Além de se preocuparem com o outro, pessoas extremamente empáticas inserem criatividade em suas conversas. Ultrapassam a superficialidade, adotando diálogos significativos e profundos. Por fim, a coragem faz com que tenhamos conversas difíceis, mas necessárias. Assim, a empatia pode surgir em contextos complexos, transformando vidas e colaborando para mudanças sociais.


Hábito 5 – Viajar em sua poltrona

A arte consegue nos transportar para vidas muito diferentes da que levamos. Palavras e imagens têm grande potencial de gerar empatia, apesar de oferecerem experiências “de segunda mão”. Assim, pode-se dizer que a arte ativa nosso ego empático, com chances de acarretar mudanças reais no dia a dia. Essa “empatia de poltrona” também abrange o mundo digital.
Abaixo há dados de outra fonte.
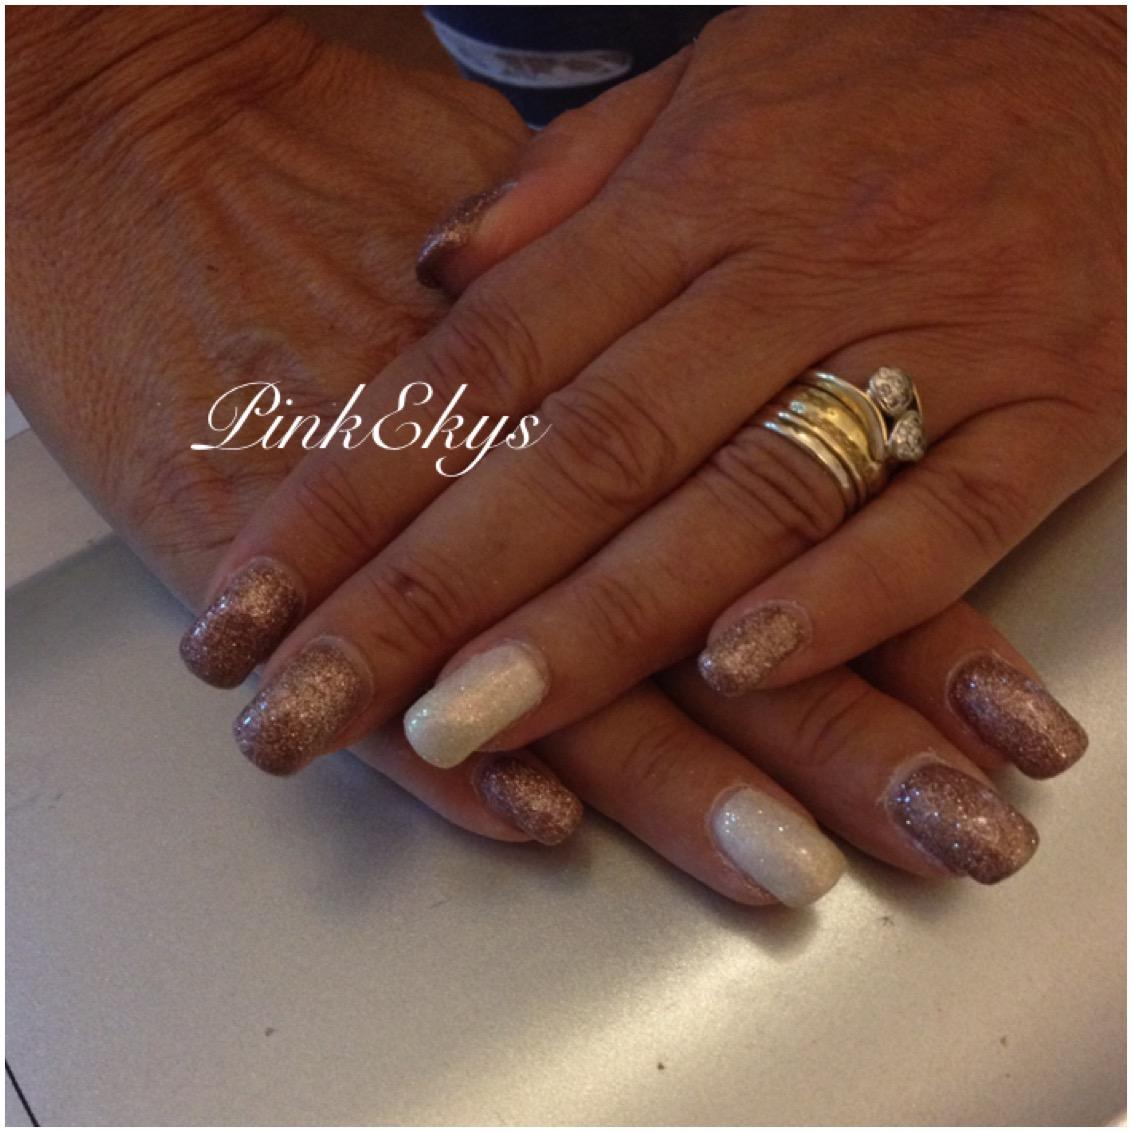 Pinkekys Unghie In Gel Glitter Autumn

“Tornamo-nos mais interessados em compreender outras pessoas, em vez de meramente nos apiedarmos delas.”

Inúmeros filmes e livros ultrapassam as fronteiras das telas e das páginas impressas, podendo trazer à tona o Homo empathicus que habita em nós. São oportunidades de entrar em contato com realidades que talvez jamais conhecêssemos por meio de experiências diretas. Assim, a literatura e o cinema, por exemplo, podem servir de veículos para que se dê a transformação empática, por meio da adoção de perspectiva. A fotografia também tem um imenso potencial político e educativo.
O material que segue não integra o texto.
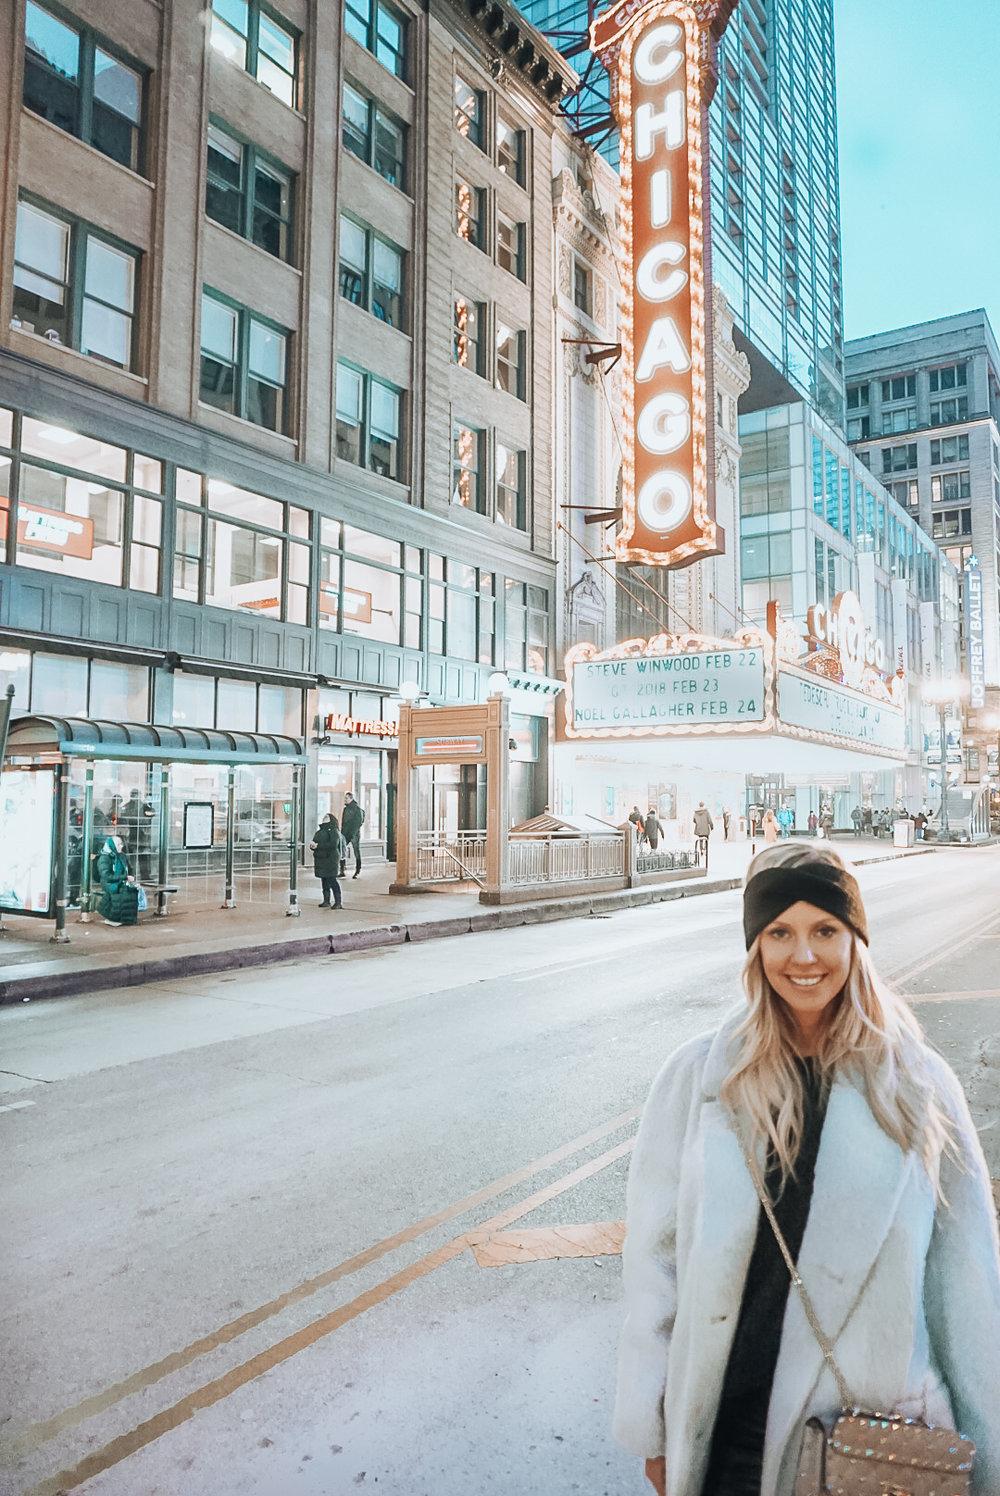 chicago theater.jpg

Sobre as redes digitais, é verdade que elas nos conectam instantaneamente a todos os cantos do mundo, proporcionando interações de mão dupla, mas é preciso usá-las com sabedoria, pois o efeito pode ser justamente o contrário: esse tipo de mídia traz ao mesmo tempo oportunidades para a empatia e ameaças a ela. Se por um lado há um estímulo à superficialidade, ao narcisismo e ao cyberbullying – entre outros pontos negativos sob o aspecto da empatia – vemos surgir, por outro, iniciativas que ajudam a criar empatia de massa e propiciar mudanças políticas relevantes, como foi o caso da Primavera Árabe e do movimento Occupy. Porém, nada disso dispensa o encontro face a face, real, o ativismo autêntico.


Hábito 6 – Inspirar uma revolução

A empatia precisa sair do âmbito da vida privada e ganhar também a vida pública. É possível criar ondas de empatia coletiva, capazes de transformar a história. Pobreza, violência, desigualdade e degradação ambiental são alguns dos problemas atuais que podem ganhar muito com a criação de uma cultura da empatia.

Na história moderna do Ocidente, destacam-se três ondas de empatia. A primeira ocorreu no século XVIII, quando despontaram na Europa as organizações humanitárias para combater as inúmeras atrocidades e violências cotidianas. A segunda onda ocorreu na esteira da Segunda Guerra Mundial, quando o direito das minorias étnicas e religiosas tornou-se uma questão. Além disso, a partir dos anos 1950, com o advento da televisão, as imagens da pobreza, da guerra e da miséria começaram a invadir os lares, sensibilizando o mundo todo. A terceira onda de empatia começou nos anos 1990 e ainda está em curso. Entre outros desdobramentos, ela abrange a ideia de que as crianças devem aprender sobre empatia desde cedo, de que a empatia pode ajudar na solução de conflitos e também no enfrentamento das questões climáticas.


A grande revolução acontecerá nas relações pessoais, e a empatia é um importante instrumento para isso.


Ainda há um longo caminho pela frente: despertar empatia pelas gerações futuras parece um dos maiores desafios. O conceito de empatia nunca foi tão popular: cabe a nós, agora, encontrar formas de expandi-lo ainda mais.